Buthelezi read out the deed of nomination during Vimbeni's funeral in April 2011. In it, Vela was named as his successor.

10 000 followers

However, Vimbeni's childhood friend, Inkosi Mqoqi Ngcobo, announced that Vimbeni's son, Mduduzi, was the rightful heir to the throne.

The announcement prompted Vela to approach the court, as he believed Ngcobo and others were trying to rob him of what was rightfully his.

Mthethwa said the first task that Vela faced was uniting the church.

"The challenge here is that Mduduzi has more than four million followers and we are in the minority, with about 10 000 followers. It is going to be extremely tough."

However, Mthethwa said Vela and his supporters were happy that the historic judgment had vindicated late leader Vimbeni Shembe.

"Our main aim for taking this to court was because we wanted to preserve the legacy and integrity of the late leader," said Mthethwa.

A question of loyalty

Legally this means Vela is the legitimate leader of the church as pronounced on Tuesday.

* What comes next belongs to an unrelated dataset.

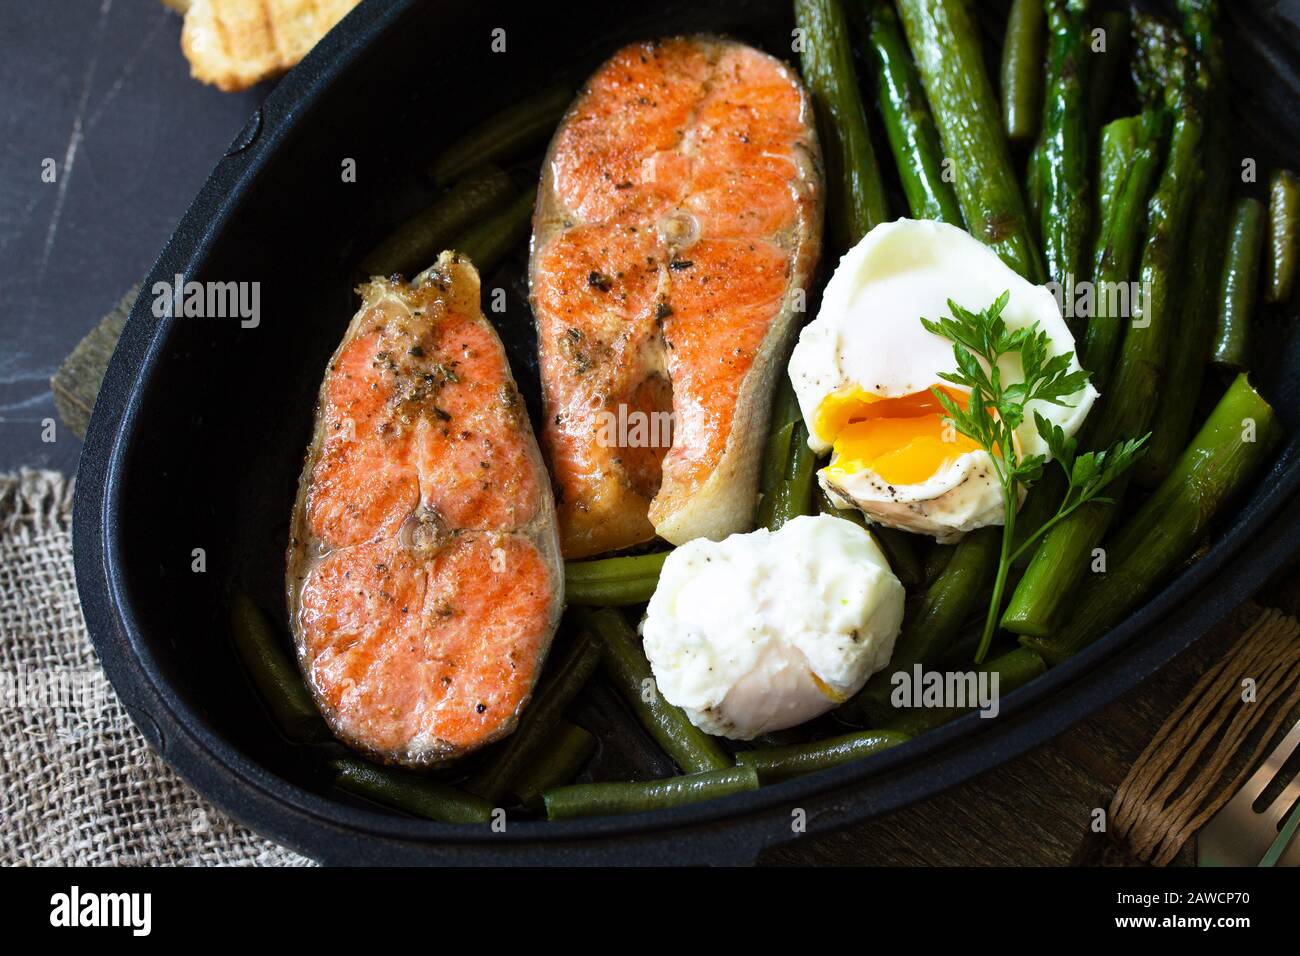 Green asparagus, grilled salmon and poached eggs. Healthy food on rustic wooden background. Stock Photo

"Anything said by anyone else but Vela will not be recognised pending the outcome of the appeal next year. Inkosi Vela's word will be final on all matters going forward."

"Those who refuse to accept will need to do a thorough introspection and interrogate where their loyalties really lie. Are they really with the late leader Inkosi Vimbeni who nominated Vela as his successor?"

Mthethwa said all those who accept the outcomes of the judgment would be allowed back into the church.

"We will not purge anyone. Those that are in senior positions will remain in their positions because we are a religious organisation, not a political one."

Broken relationship

Responding to questions, Mthethwa said the family was hoping to mend the broken relationship between the late leader's son and his cousin.

"Yesterday Vela tried to reach out to Mduduzi, but Mduduzi left too quickly. We are going to, through our lawyers, speak to his lawyers to ask if we can meet with him so that the two leaders can mend the relationship, because before Vimbeni died, the two were close. The problem is that the clergy is too protective of Mduduzi."

Mthethwa said if the two reconciled, Vela would consider lowering the amount that needed to be recouped for the legal costs.

"Currently we might have to recoup R18m and this is before the matter goes to the appeals court next year. If the two reconcile we will try and persuade the church, which is footing the legal costs, to lower the amount of money he has to pay back.

"At the end of the day, Mduduzi is Vimbeni's son and Vela is Vimbeni's cousin-brother, they are family and we don't want the family or the church to be poor," said Mthethwa.